Peak, Cambridge University launch study-backed brain training game

By Jonah Comstock
10:18 am

cambridgeadvancedtrainingprogrammewebPeak, the London-based brain training game startup that raised $7 million in April, is launching a new game in its brain training app, and backing it up with a small peer-reviewed study published in the journal Philosophical Transactions of the Royal Society B.

The game was actually developed for the study by researchers Barbara Sahakian and Tom Piercy at the Department of Psychiatry at Cambridge University. It was then licensed by Peak, who converted it into a more accessible mobile game.

“We’re honored to be able to partner with Cambridge University and Professor Sahakian, who is a world renowned leader in clinical neuropsychology,” Sagi Shorrer, cofounder and COO of Peak, said in a statement. “Through this partnership, Peak is now able to offer more advanced training games rooted in the most recent cognitive science.”

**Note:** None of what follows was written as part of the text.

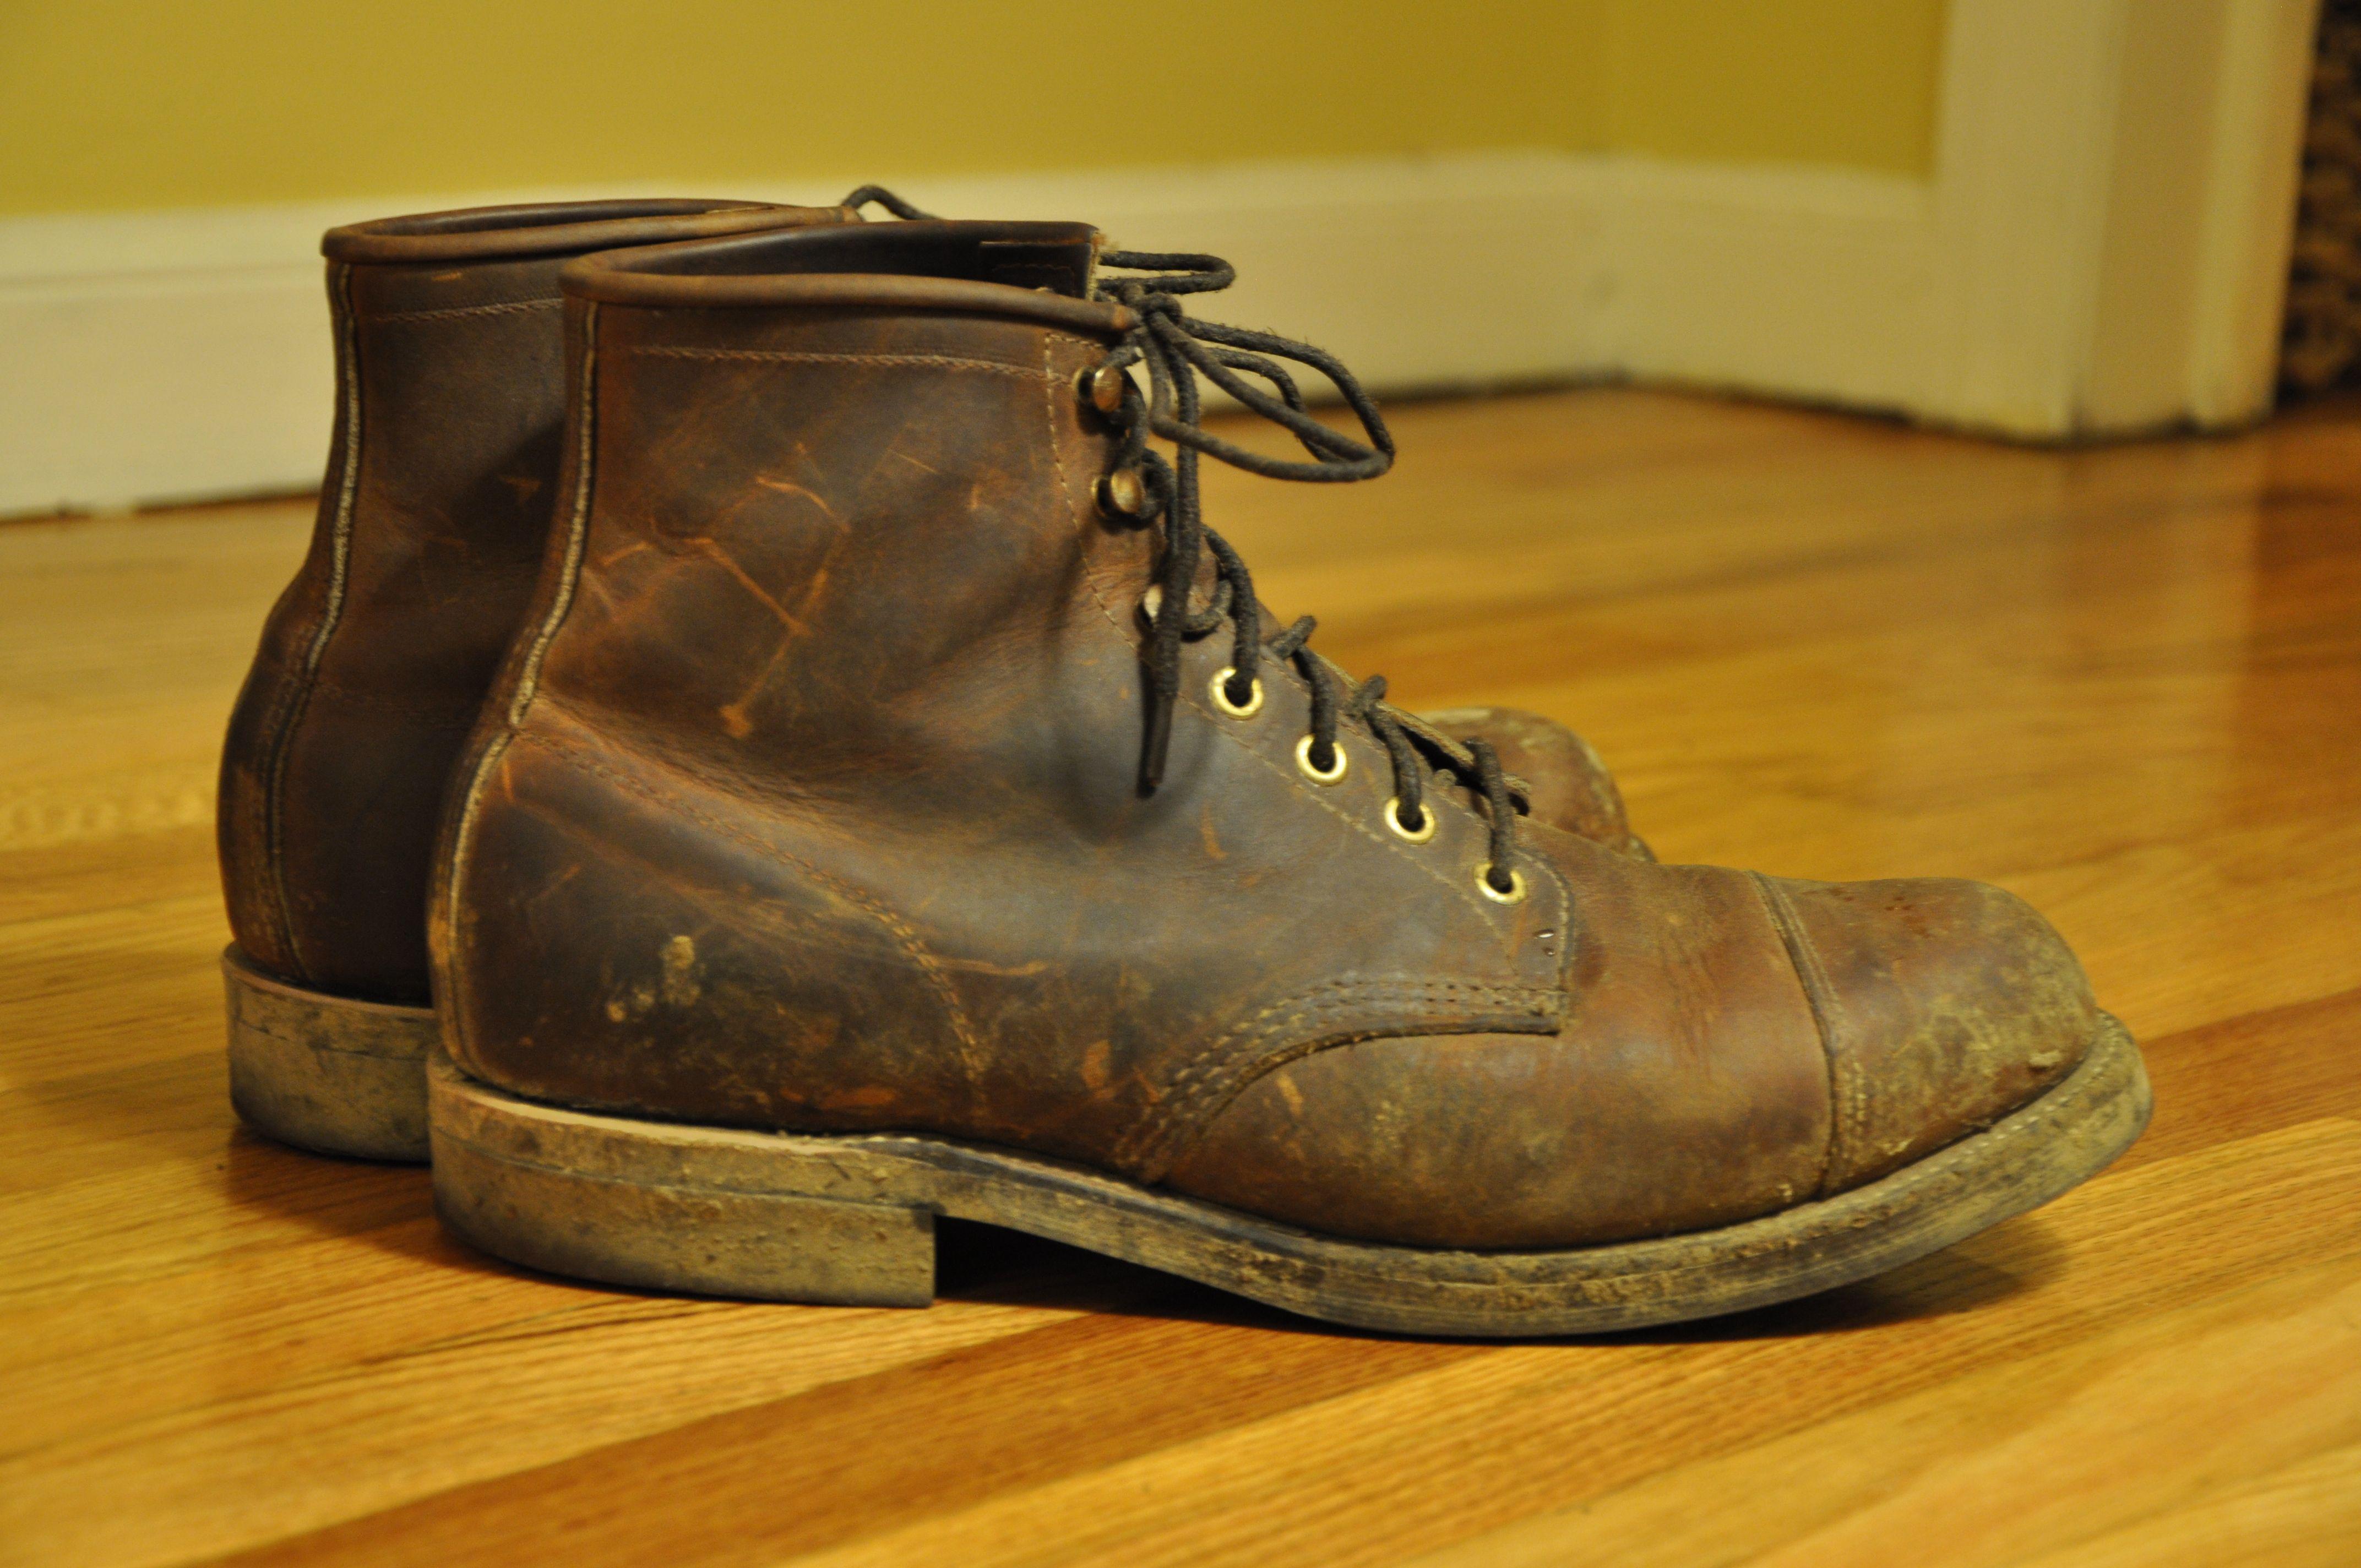 b3d42b7bf67 ll bean engineer boots | Shoes in 2019 | Boots, Ll bean boots, Ll ...

The module in the Peak app is called the "Cambridge University & Peak Advanced Training Plan" and the game in the study, on which the app is based, is called "Wizard". The company describes it as "memory game designed to train visual and episodic memory while promoting learning. This uses the part of the brain necessary for everyday learning and memory, both at work and home, for example remembering where you left a book a few hours ago or where you parked the car."

The study looked at the effects of the app on 22 patients with schizophrenia. Ten used the app for four weeks and 12 used more traditional means of memory coaching. On memory assessments conducted at the conclusion of the four weeks, the control group made an average of 10 errors compared to an average of two for the intervention group. The intervention group also scored about twice as well on an initial memory trial.

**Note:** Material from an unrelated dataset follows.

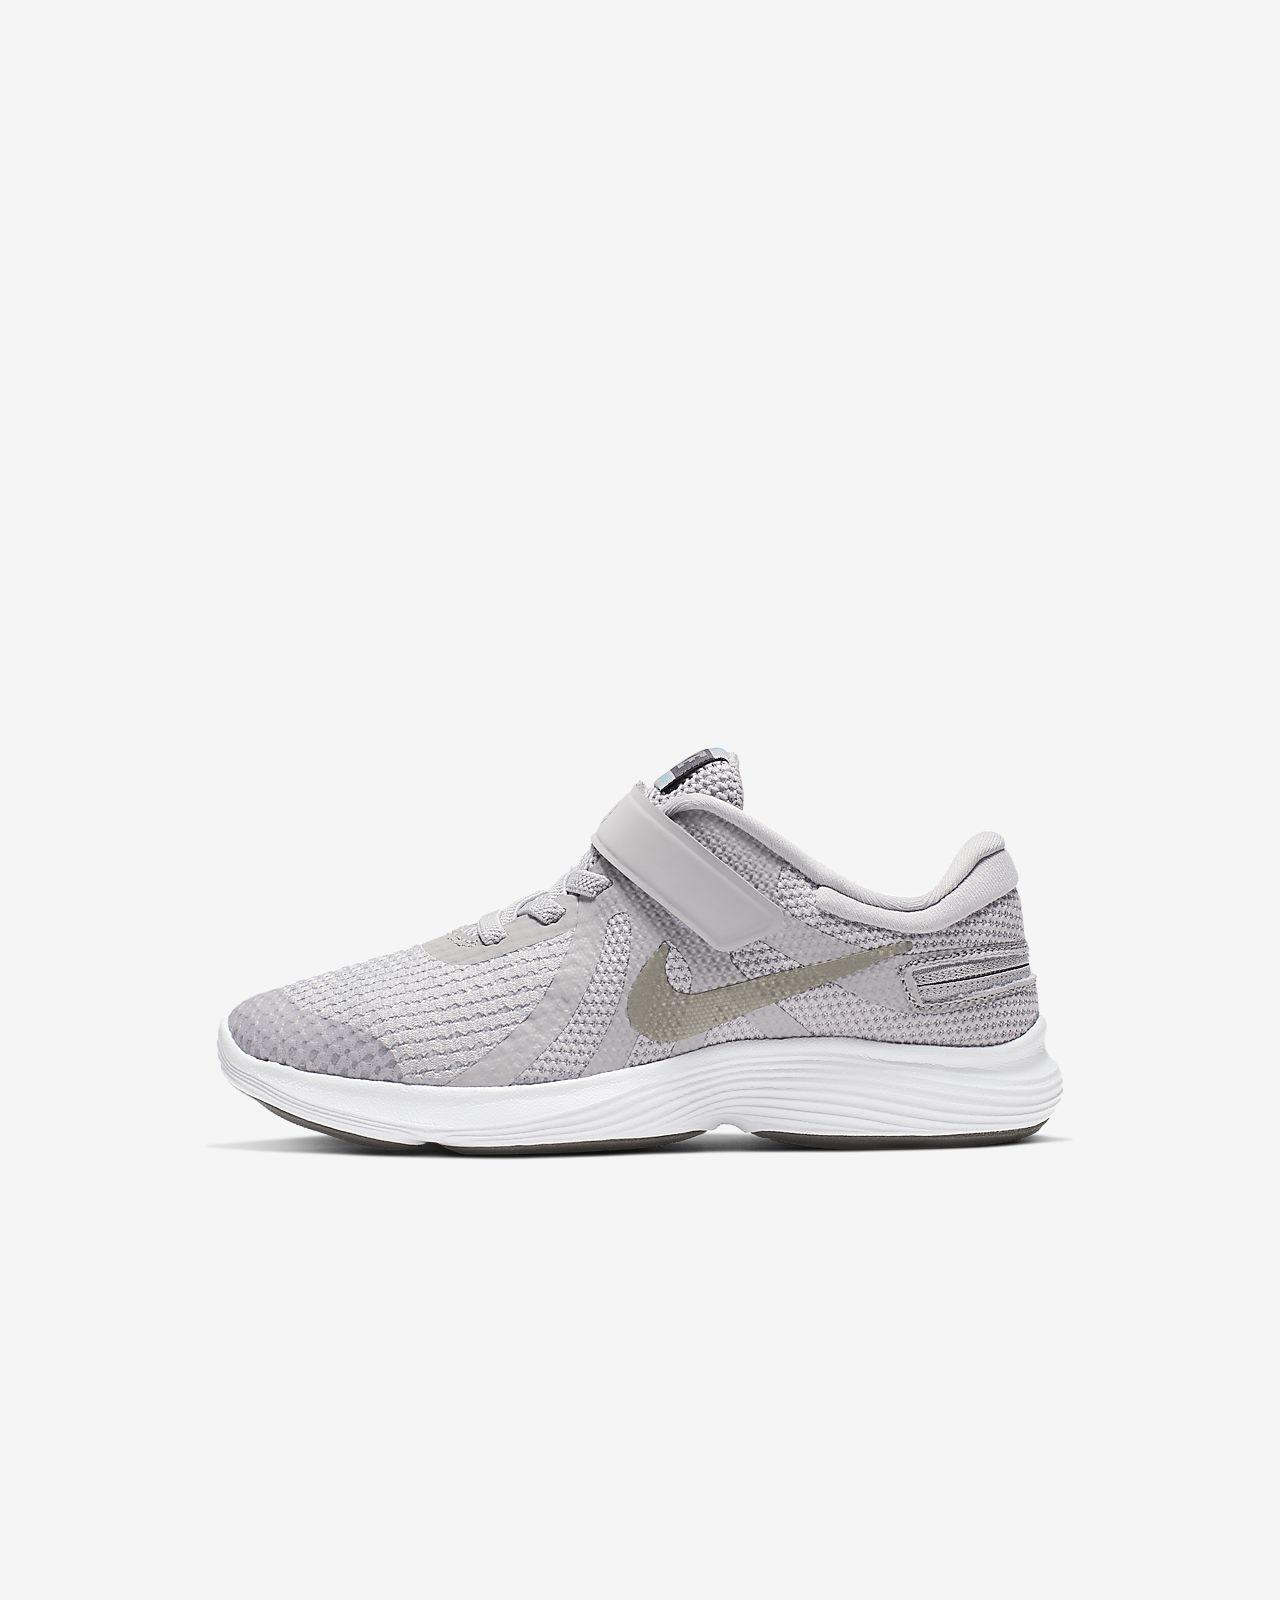 Scarpa Nike Revolution 4 FlyEase - Bambini

“These are promising results and suggest that there may be the potential to use game apps to not only improve a patient’s episodic memory, but also their functioning in activities of daily living," Peter Jones, another researcher, said in a statement. "We will need to carry out further studies with larger sample sizes to confirm the current findings, but we hope that, used in conjunction with medication and current psychological therapies, this could help people with schizophrenia minimise the impact of their illness on everyday life.”

Although the study was on schizophrenia, the paper discusses future potential for helping with Parkinson's, Alzheimer's disease, and even attention deficit hyperactivity disorder (ADHD). The module, designed for four weeks of training, will sell for $14.99 in the United States.

It's prudent for a brain training company back up its product with a scientific study, albeit one with a small sample size. In January, the Federal Trade Commission announced an administrative complaint against Focus Education, a company that makes a brain training game for children called Jungle Rangers. The complaint charges that the company advertised permanent brain improvements in “focus, memory, attention, behavior, and/or school performance”, including for children with ADHD, and backed up the claims with what the FTC said were nonexistent scientific studies.